There is no schema check involved in this call. This is the rust-based json parser used by pydantic but not pydantic validation itself. It was a suggestion not a requirement. It's much faster but if the python json parsing is very fast already then being even faster isn't going to help much.

kfindeisen

Looks good, though I don't understand the rewrite of the read loop in _get_group_id_from_sidecar.

python/shared/raw.py

kfindeisen · 2025-11-18T19:38:52Z

python/shared/raw.py

+    sidecar : `ResourcePath`
+        A `ResourcePath` object of a sidecar JSON file.


Please use fully qualified names: ~lsst.resources.ResourcePath. Numpydoc(?) object lookups don't use the module-level imports.

kfindeisen · 2025-11-18T19:42:35Z

python/shared/raw.py

+    The sidecar file normally show up before the image.
+    If not present, wait a bit but not too long for the file.
+    Sometimes, the object store gives other transient
+    ClientErrors, which are retried in a longer timescale.


The wrapping seems a bit tight. Why not use 80 characters?

kfindeisen · 2025-11-18T19:44:40Z

python/shared/raw.py

+    count = 0
+    while count <= 20:
+        try:
+            md = json.loads(sidecar.read())

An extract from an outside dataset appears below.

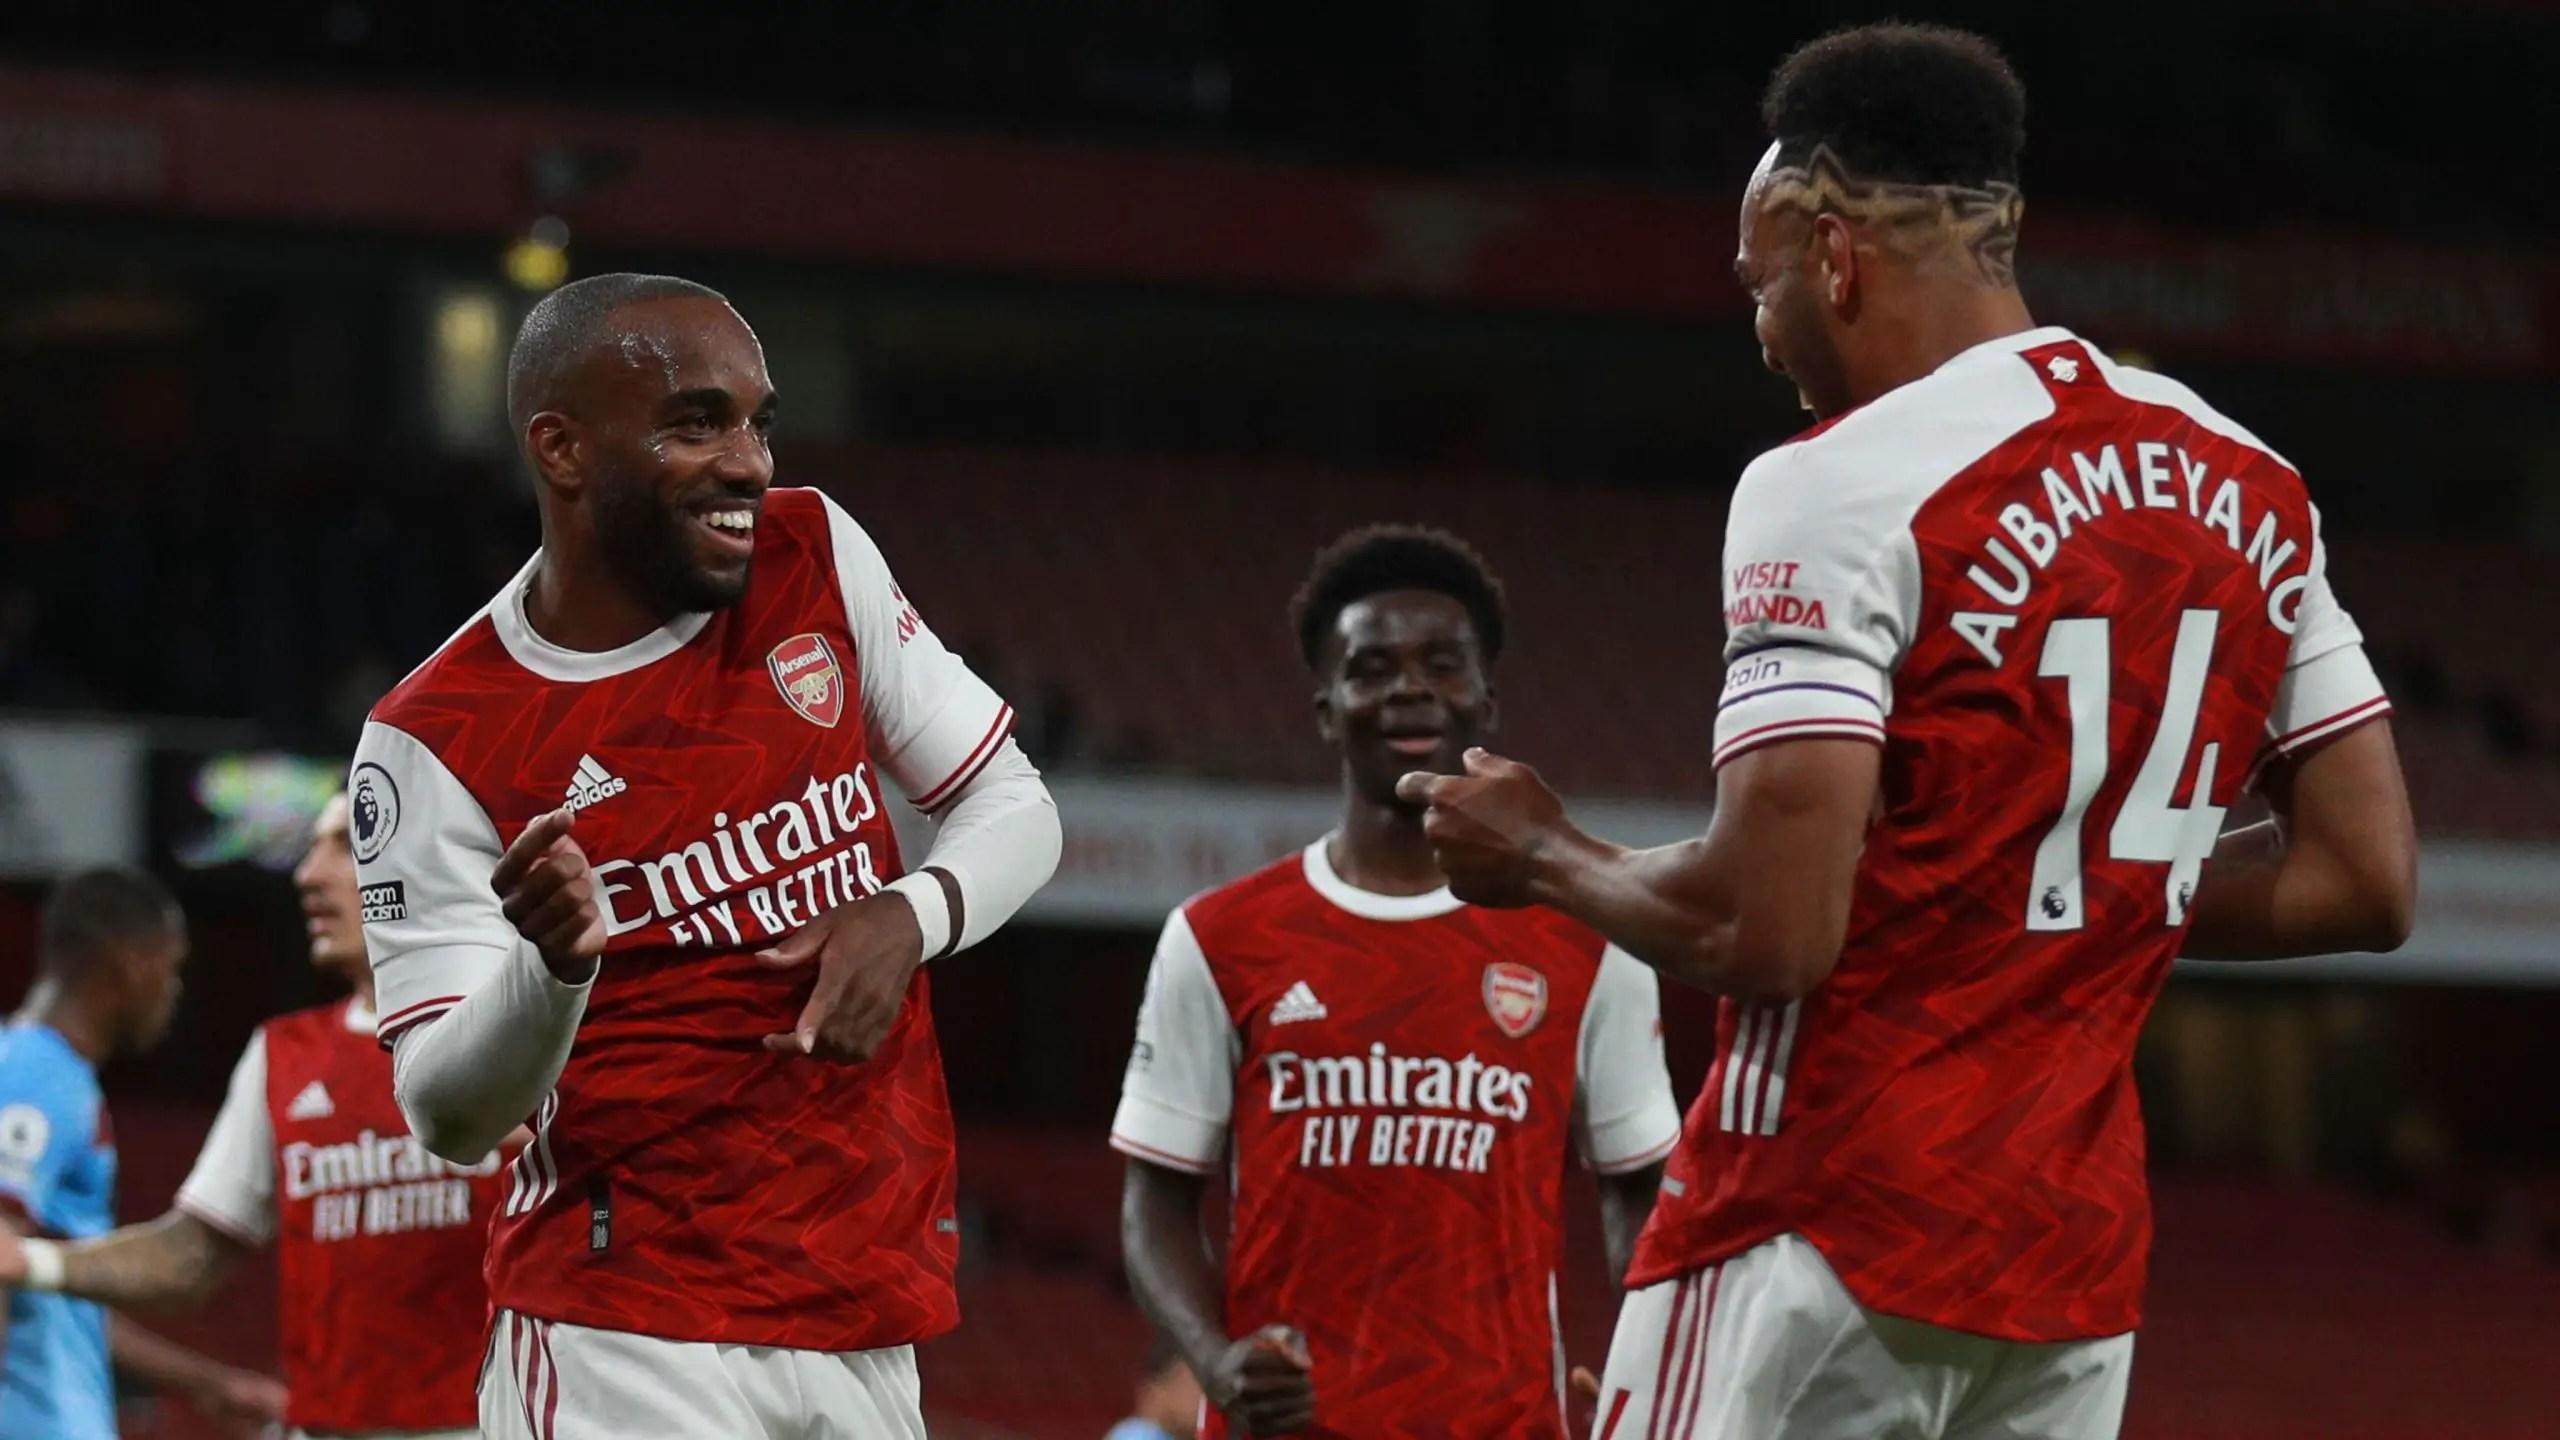 Premier League: Saka Shines As Arsenal's Late Strike Sink West Ham United

Premature optimization is premature.

Aside from Pydantic's usual pains, I assume this would introduce a dependency on the full sidecar schema and not just the presence of a GROUPID key?

python/shared/raw.py

kfindeisen · 2025-11-18T19:55:00Z

python/shared/raw.py

    return group_id


+@retry(2, botocore.exceptions.ClientError, wait=5)


If you're using attempted reads to check for file existence, that increases the chance of reading during a write. Should the number of retries be increased?

ResourcePath has its own internal retries for S3 connections (using backoff).

IIRC, ResourcePath's internal retries currently doesn't retry the botocore.exceptions.ClientError kind of error that we are encountering from embargo s3 recently.

I think the feeling was that ClientError was never retryable (eg because of auth problems). If you have examples of ClientErrors that are amenable to retries then we can modify resources.

See https://rubinobs.atlassian.net/browse/DM-53057; we're getting ClientError: An error occurred (ConcurrentModification) when calling the GetObject operation: None.

~~Unfortunately, this is bad API design on Boto's part, and the only advice I see is to parse the exception message. 😱 So assuming ClientError is user error might be the lesser evil.~~

Thanks. That definitely doesn't seem like a client error.

Ok, maybe not so much bad design as bad documentation (the existence of ClientError.response is buried here, and it's still example-based docs instead of any explicit guarantee that these keys are defined):

except botocore.exceptions.ClientError as error: if error.response['Error']['Code'] == 'LimitExceededException':

except botocore.exceptions.ClientError as err: if err.response['Error']['Code'] == 'InternalError': # Generic error

As for ClientError itself,

This is a general exception when an error response is provided by an AWS service to your Boto3 client’s request.

I'm keeping this retry here. If `ResourcePath's internal retries change in the future we should revisit.

Also I'm increasing the number of retries to 4.

kfindeisen · 2025-11-18T19:57:37Z

python/activator/middleware_interface.py

        """
        return self._prep_pipeline(pipeline_file).to_graph()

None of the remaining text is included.